Origine : http://www.univ-corse.fr/labiana/documents/enigme_de_posidonios.pdf

L'ENIGME DE POSIDONIOS Michel Foucault : le retour à l'antiquité

Quelques mots sur le titre, volontairement, comme les autres d'ailleurs, obscur. Une énigme c'est un mot rare pour un historien, celui-ci raconte, explique, analyse, révèle. Le mystère, l'étrange, l'obscur, le secret ne sont pas de son monde. Nul en histoire ne peut être OEdipe, ou Turandot, car l'énigme, c'est pour le prêtre, l'initié, le myste, c'est le mot effroyable qu'il faut savoir trouver pour se sauver, sauver le monde, ou simplement épouser une princesse, comme dans l'opera célèbre que j'évoquais à l'instant.

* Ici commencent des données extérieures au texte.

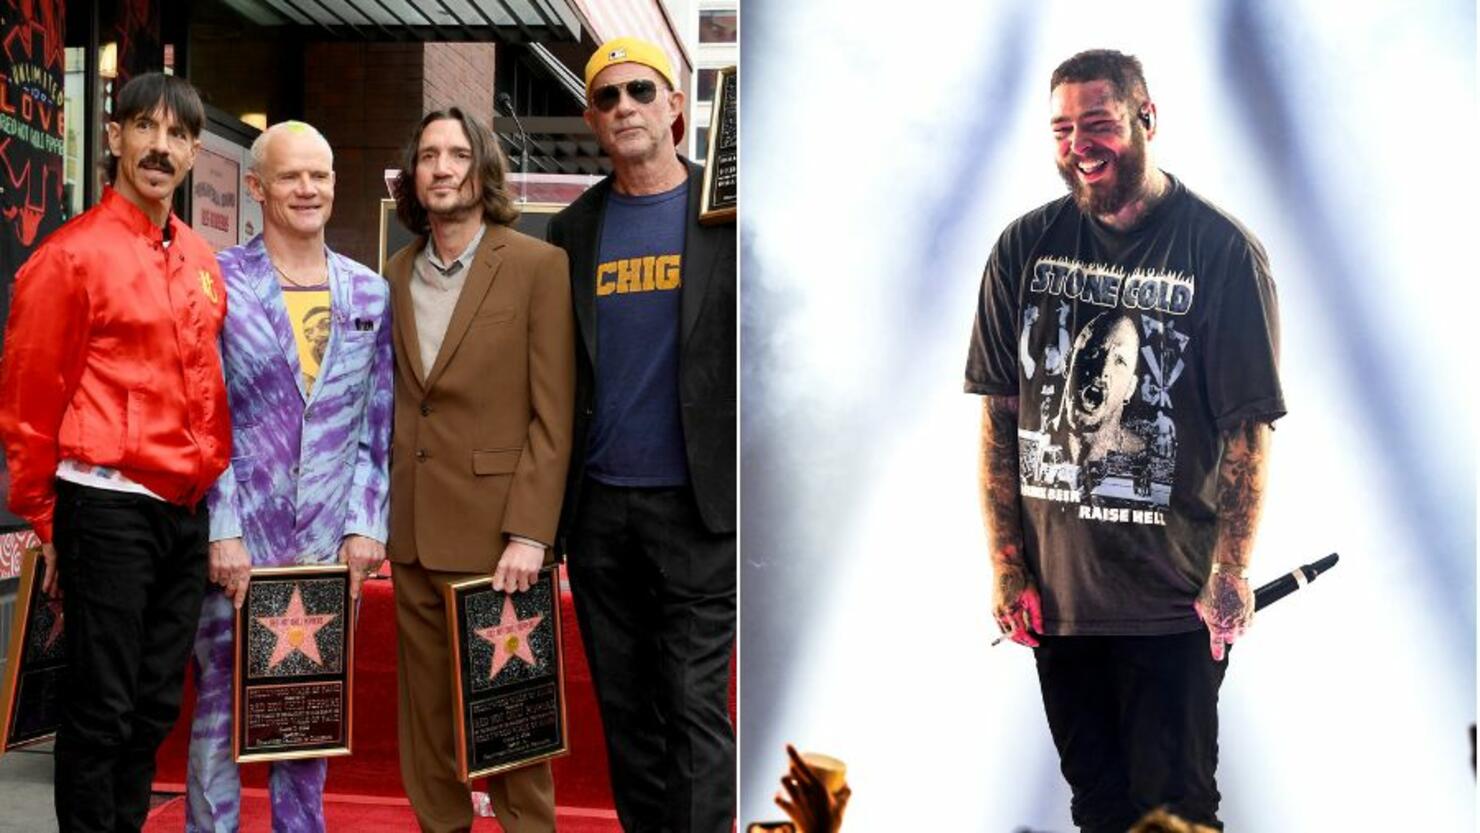 Red Chili Peppers Team Up With Post Malone For Special Stadium Tour | iHeart

C'est pourquoi lorsque Arnaldo Momigliano, ou son traducteur, choisit ce mot, il sait ce qu'il veut dire et oblige à réfléchir. Surtout quand il le fait à propos de Posidonios, perçu comme un philosophe qui se plonge " dans des travaux d'histoire pour y prendre un plaisir évident ", situation que le grand historiographe analyse avec la formule suivante : " le cas est assez exceptionnel pour poser une énigme ".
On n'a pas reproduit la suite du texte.